Can you help me out with this?

HadrienG commented 4 years ago

Hi!

Firstly let's see what's up with the pip issue:

i have been trying to install with pip and pip3, although it says install is complete when i try to run it iss command not found

How have you installed python? from apt-get? If so, I think (I don't have ubuntu so you're gonna have to try this yourself) pip does not install your packages in /usr/bin but in /usr/local/lib/pythonX.x/bin/

Can you check if the directory above in in your PATH? If not, adding it will solve the issue.

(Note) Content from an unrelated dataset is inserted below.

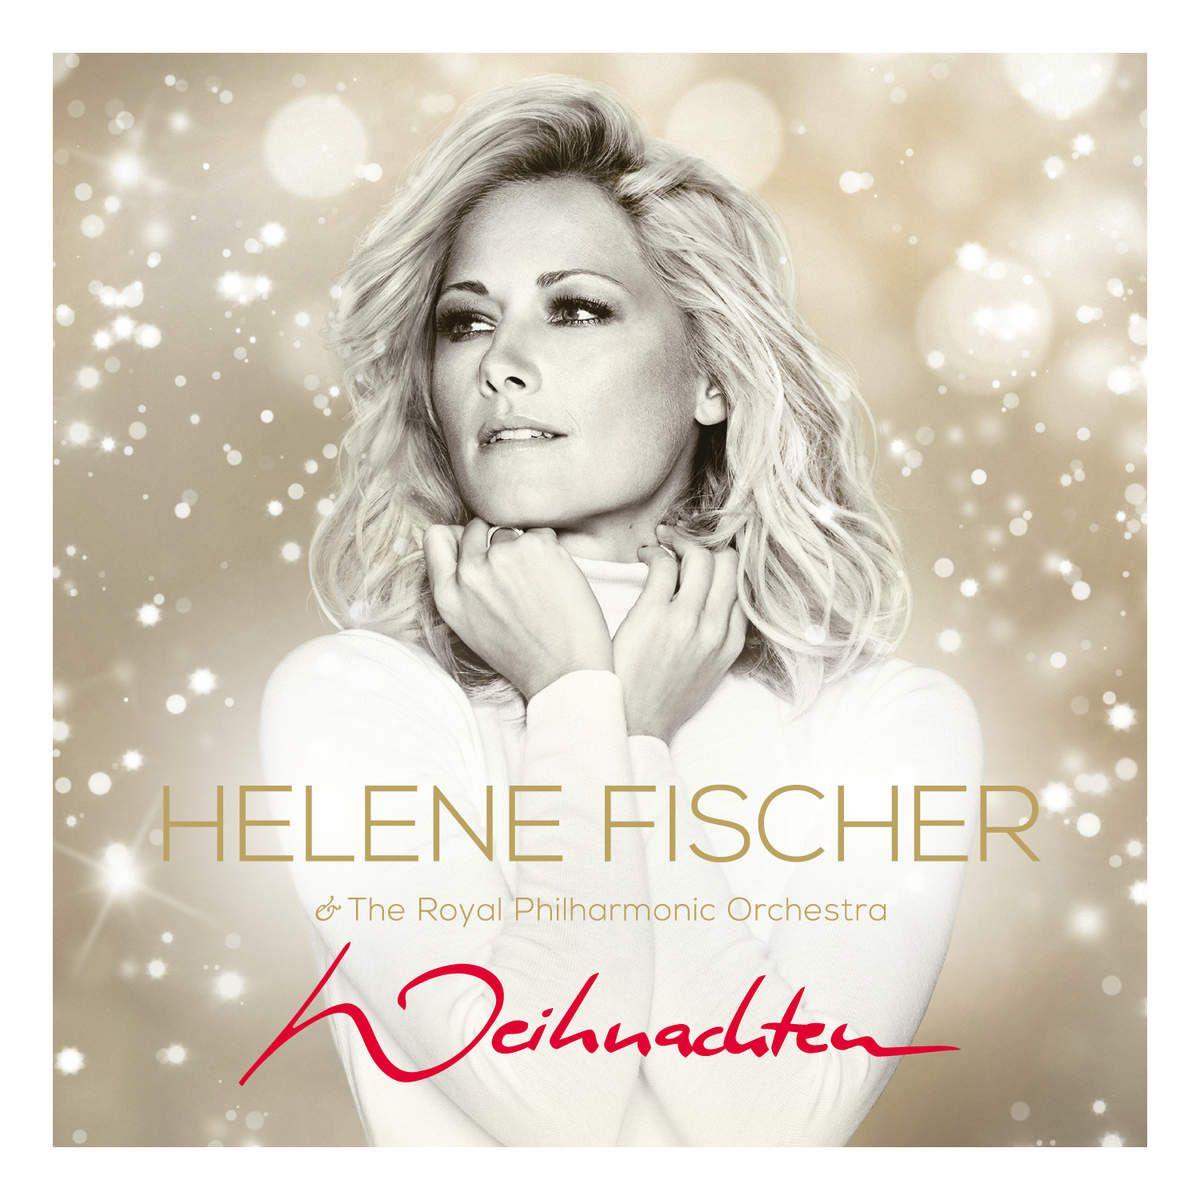 Helene Fischer - Weihnachten album cover

Secondly, for the download issue:

request.content, zlib.MAX_WBITS | 32).decode() zlib.error: Error -3 while decompressing data: incorrect header check

This means that InSilicoSeq is trying to decompress (or, before decompressing, checking the data format) headers that are not there. I'd say it's unlikely it's a bug since zlib.MAX_WBITS | 32 automatically detects which compression format is used.

I could not reproduce the problem (on my Mac though), but I've encountered download issues in the past. I think this might happen if a file does not get downloaded properly?

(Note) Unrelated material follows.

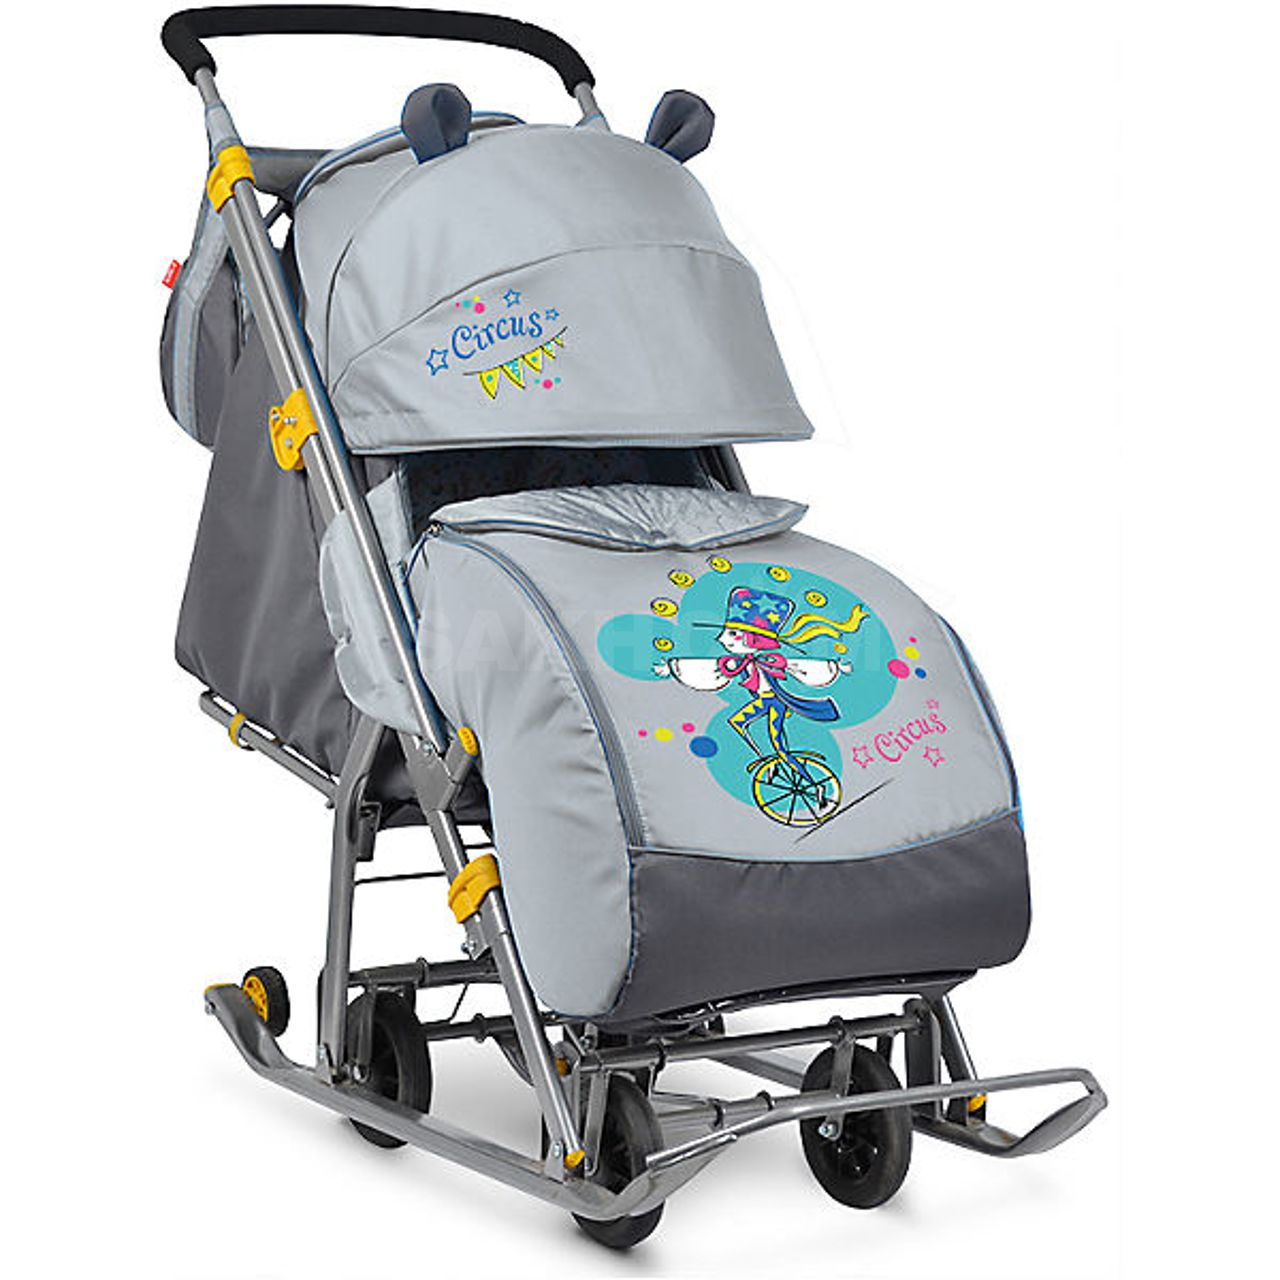 Детские санки-коляска с колёсами: критерии выбора, рейтинг лучших моделей, как собрать и ухаживать

Does this happen every time you run InSilicoSeq? If it consistently does not work, I'll test on ubuntu 18.x

Hope that helps, /Hadrien

ma-celik commented 4 years ago

Thanks for the quick reply Hadrien, I really appreciated. Uhm yeah it was not in my path.. Sorry about this. Anyhow im running into this after adding pip directory to PATH.. "Traceback (most recent call last): File "/home/celik/.local/bin/iss", line 7, in from iss.app import main SyntaxError: can not delete variable 'record' referenced in nested scope" But when i run it on conda env. it gives me the same error, i have tried it on an another computer with ubuntu 18.04, no change.

HadrienG commented 4 years ago
"Traceback (most recent call last):
File "/home/celik/.local/bin/iss", line 7, in
from iss.app import main
SyntaxError: can not delete variable 'record' referenced in nested scope"

It seems that a python >3.2 feature slipped past the tests (deleting variables in nested scope). I was officially gonna drop python 2 support in one month, but well... make sure you are installing the python3 version. You might need to use pip3 instead of pip.

I'm installing ubuntu in a VM to debug the zlib issue, will report back here.

HadrienG commented 4 years ago

I could not reproduce your issue on a clean ubuntu 18.04 installation.

Can you share with me:

ma-celik commented 4 years ago

Sorry for troubling you Hadrien

Python 3.7.4 for iss -v iss version 1.4.4 python -c "import zlib; print(zlib.version)" 1.0 python -c "import requests; print(requests.version)" 2.22.0

If I may, the output of iss generate is R1 and R2, is there anyway it produces in single end. I have been trying to merge them with BBmerge/FLASH but they only merge very small amount of it like 0,04. Thanks a lot for your help.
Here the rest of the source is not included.